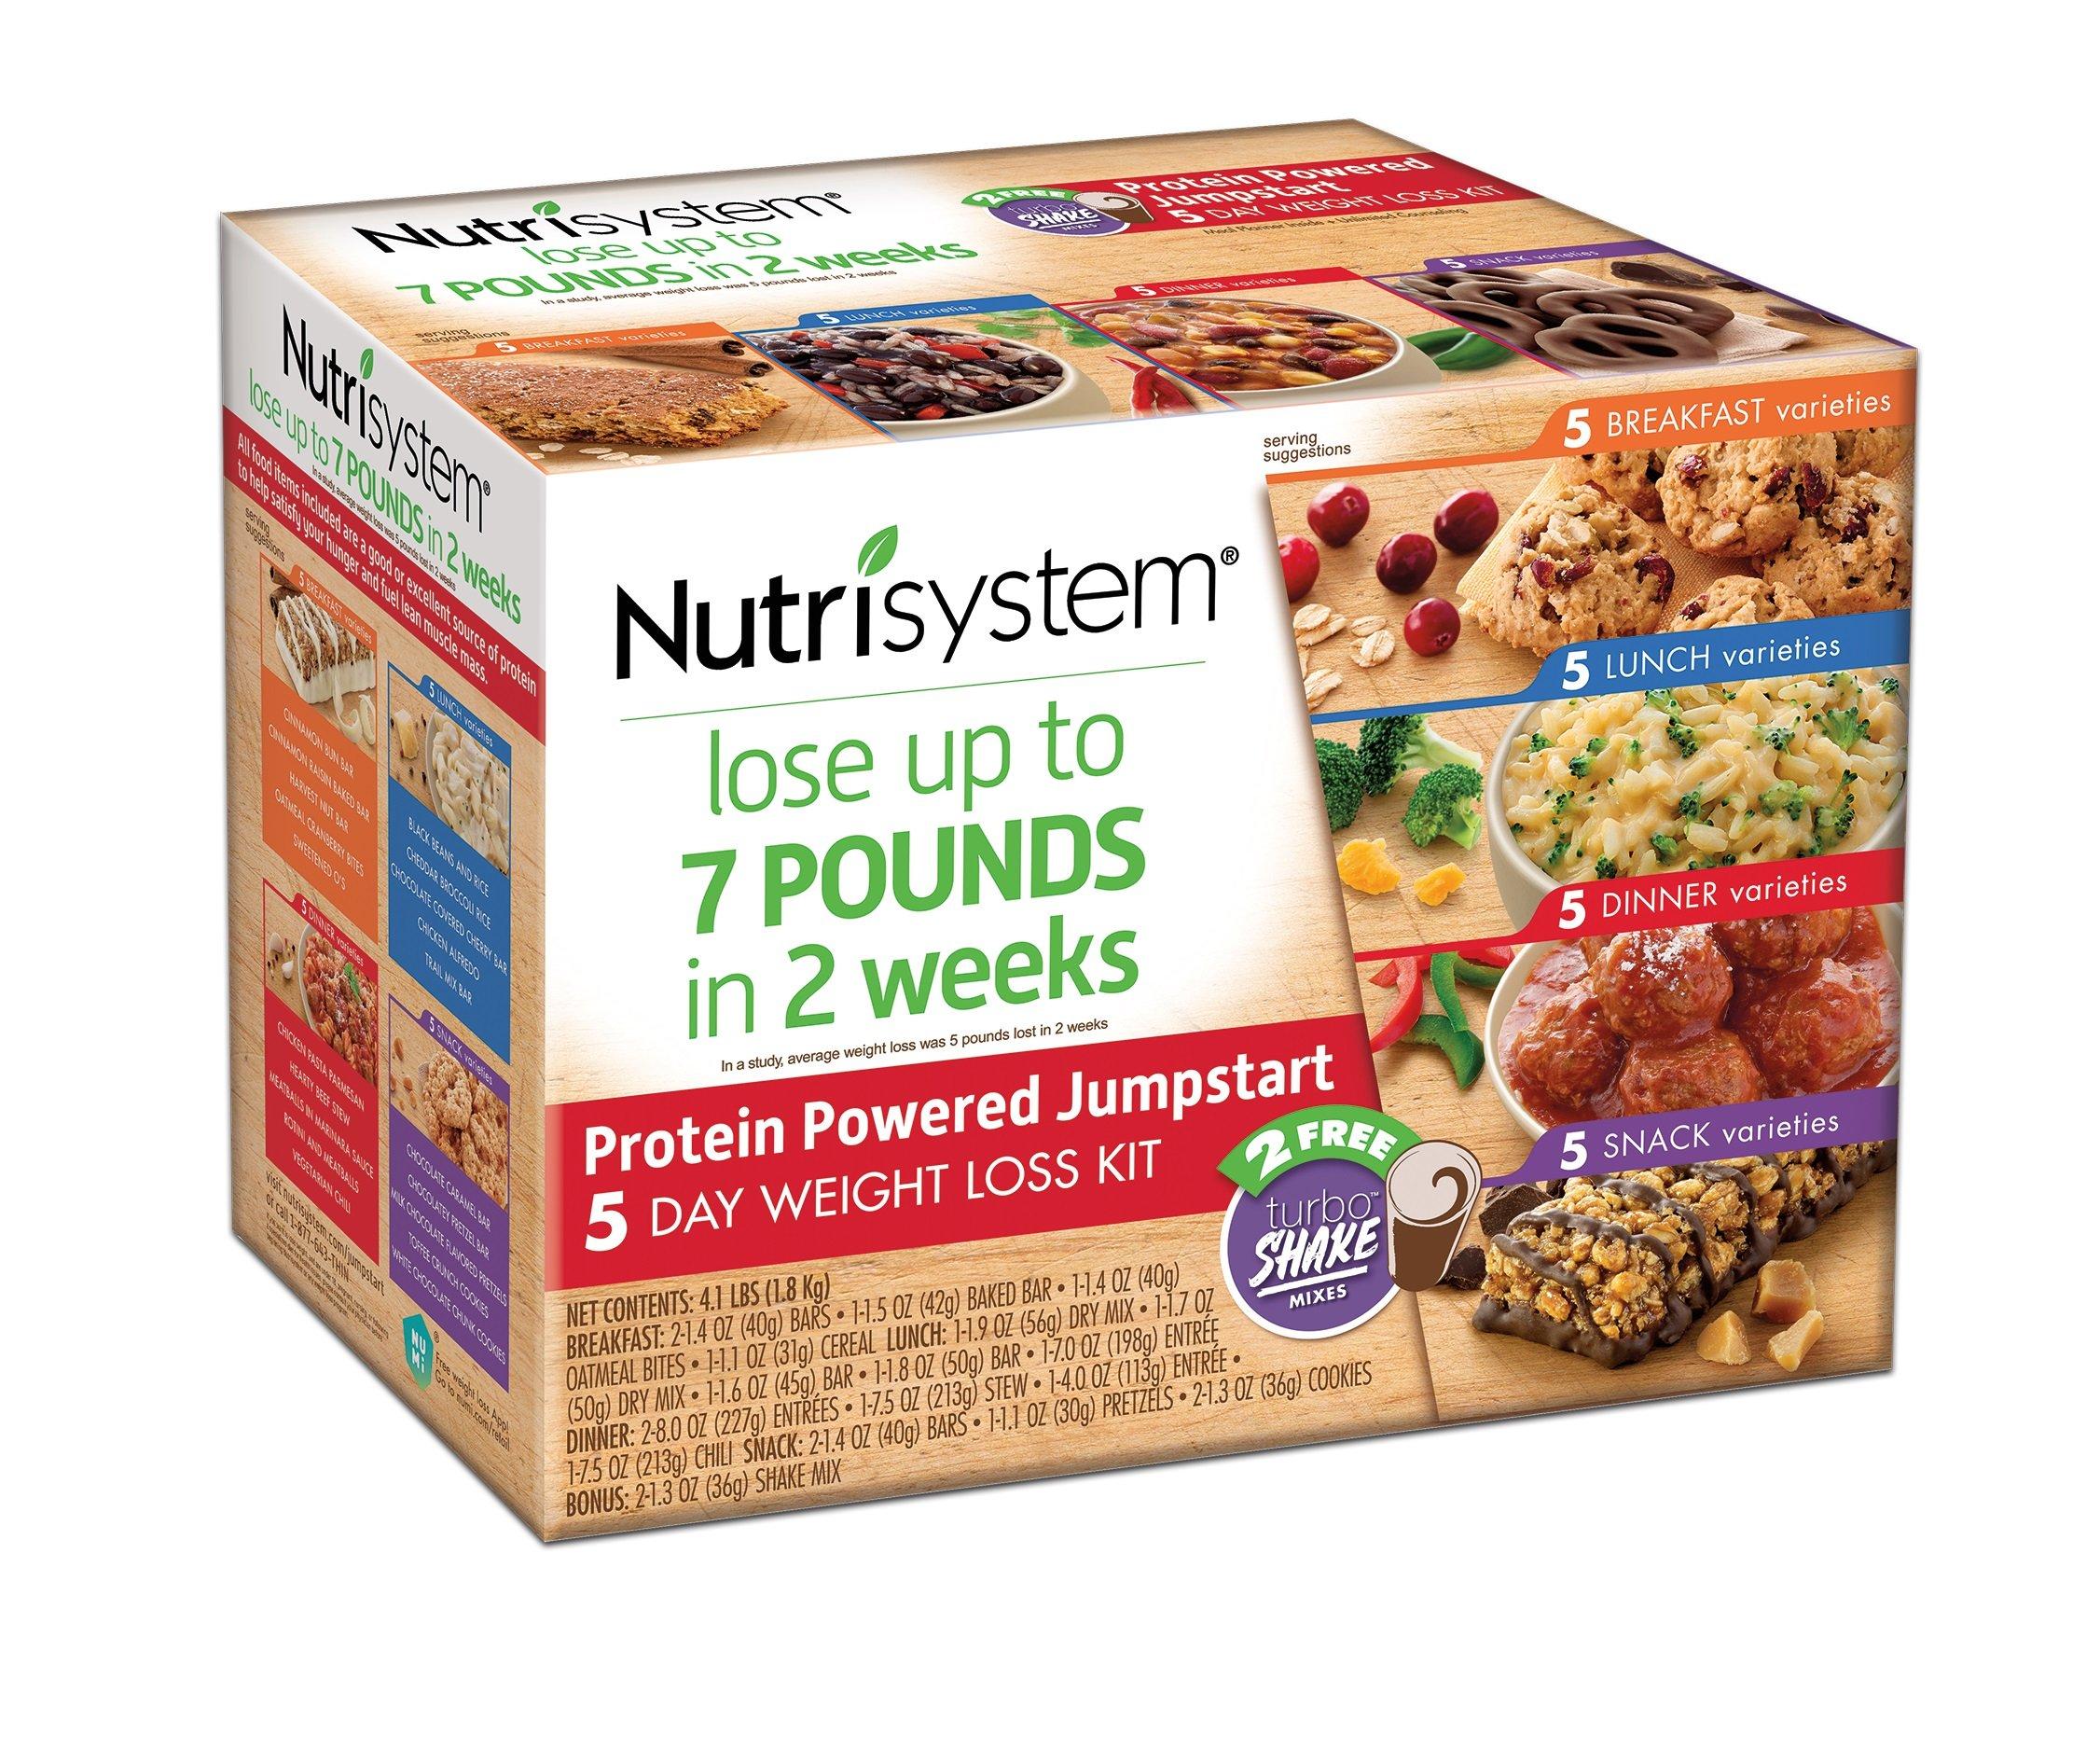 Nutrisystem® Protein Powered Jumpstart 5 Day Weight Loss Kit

--

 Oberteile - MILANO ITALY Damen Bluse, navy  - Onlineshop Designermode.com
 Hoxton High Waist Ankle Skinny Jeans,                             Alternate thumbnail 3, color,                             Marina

The problem — From the data above, return every line from the line that has "Oberteile - MILANO" up to and including the line that has "Hoxton High Waist", exactly.

Result —
 Oberteile - MILANO ITALY Damen Bluse, navy  - Onlineshop Designermode.com
 Hoxton High Waist Ankle Skinny Jeans,                             Alternate thumbnail 3, color,                             Marina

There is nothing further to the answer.